# Mapmaking Discussion & Philosophy (WIP/Critique) > 3D modeling (map elements and height maps) >  USS Singularity - Star Trek Nova-class...

## mearrin69

Hi all,
It has been a long time indeed since I've done any 3D modeling. I'm eventually going to run a Star Trek game for my group and have been trying to decide on a ship for them. Finally settled on the Nova-class...it's a small science scout first seen in the Voyager episode _Equinox_. Found some cool deckplans here and decided to make a model of it - I may or may not take it to the very detailed state.

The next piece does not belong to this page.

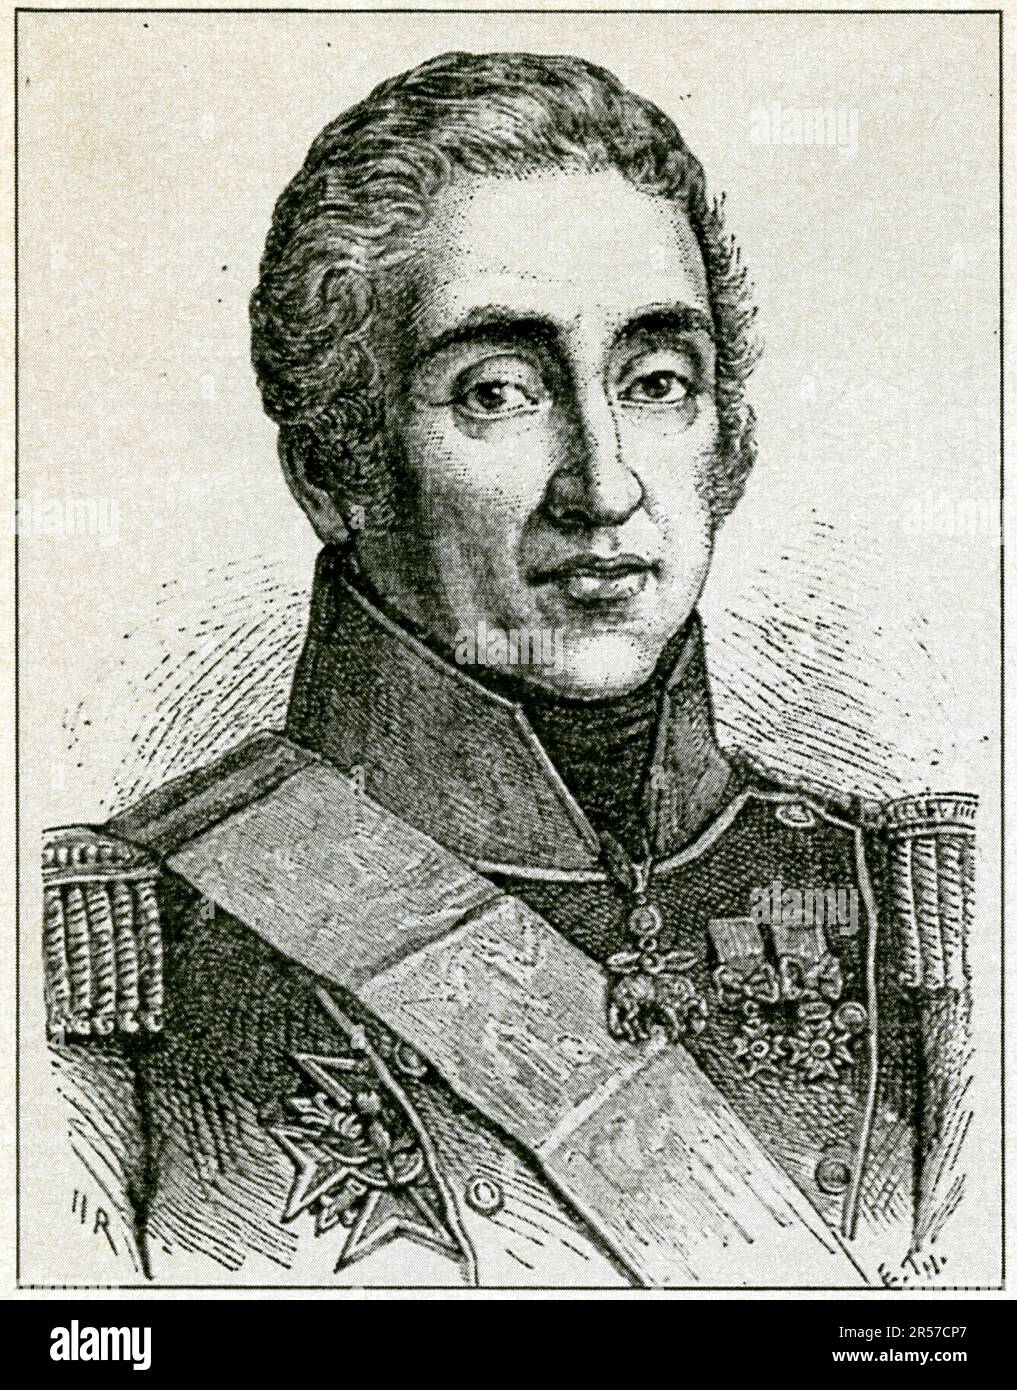 Francois-René, vicomte de Chateaubriand, né le 4 septembre 1768 à Saint-Malo et mort le 4 juillet 1848 à Paris, est un écrivain, mémorialiste et ho Stockfoto

Here's the in-game description of the ship:
USS Singularity (NCC-74855), Nova-class variant light research cruiser. Constructed: Utopia Planitia Fleet Yards. Commissioned: April 4, 2375. Assigned: Beta quadrant (May 5, 2375). Mission: Seek out and investigate various 'subspace tunnelling phenomena' for the development of new trans-warp propulsion technologies as directed by FSC and ADSB. Command crew: Commander Matthew LeBrasseur (Captain), Lt. Commander Tu'pok (First Officer). Current location: Deep Space 9 (May 11, 2375), awaiting new crew transfer. {this would be the PCs, of course}

Anyway, here's where I've gotten to. The main hull is coming along. The nacelles and pylons were literally just dropped in with minimal shaping so far - in fact, they're not even connected to the body yet. It all looks okay in flat-shaded mode but I'd like to try to use subdivision surfaces. Never tried sub-d modeling before, however, so I've got some learning to do before I'll be able to get it looking okay - have to figure out how to add edges so I get sharp edges where there should be sharp edges (instead of that horrible crumpling that's happening along the saucer section right now...looks like a bad crash!)
M

----------


## RecklessEnthusiasm

These look great! It looks like you use blender for modeling--may I ask what you'll use to render them?

----------


## mearrin69

Thanks. Actually, I use Silo for modeling. Bought it ages ago but haven't used it in quite a while. No plans on rendering for now but I have a couple of options for that. Maybe trueSpace, which I know pretty well. Or maybe Modo, which I haven't really used all that much (I received a review unit from the company a very long time ago but have only used it for modeling and don't really know rendering that well).
M

----------


## Steel General

Looks good so far Mearrin, wish I had the patience for 3D modeling programs.

----------


## mearrin69

Thanks, SG. I wish I did too! They can be quite frustrating. Here's a small update: I tried the nacelles and pylons as separate objects to be attached later but that didn't work out so I deleted them and extruded them from the main hull, with slightly better results. Also, some work on shaping the hull a bit. I'm going to have to put this aside for a bit but the basic shape's all there now. If I can get back to it I'll try sub-d to see if I can get it looking good with smooth surfaces.
M

----------


## Katto

Great start M! Looking forward to see more. Perhaps you know, but you can find a lot ot plans here.

----------